DATA SUPPLIED –
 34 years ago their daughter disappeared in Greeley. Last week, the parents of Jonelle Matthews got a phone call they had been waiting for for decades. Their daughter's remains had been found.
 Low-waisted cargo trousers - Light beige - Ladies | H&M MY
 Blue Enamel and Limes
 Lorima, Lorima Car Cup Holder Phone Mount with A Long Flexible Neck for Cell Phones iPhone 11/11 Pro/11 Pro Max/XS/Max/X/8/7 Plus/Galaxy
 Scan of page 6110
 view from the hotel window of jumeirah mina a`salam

PROBLEM DETAILS – Copy the records above exactly as they appear.

RESPONSE AREA –
 34 years ago their daughter disappeared in Greeley. Last week, the parents of Jonelle Matthews got a phone call they had been waiting for for decades. Their daughter's remains had been found.
 Low-waisted cargo trousers - Light beige - Ladies | H&M MY
 Blue Enamel and Limes
 Lorima, Lorima Car Cup Holder Phone Mount with A Long Flexible Neck for Cell Phones iPhone 11/11 Pro/11 Pro Max/XS/Max/X/8/7 Plus/Galaxy
 Scan of page 6110
 view from the hotel window of jumeirah mina a`salam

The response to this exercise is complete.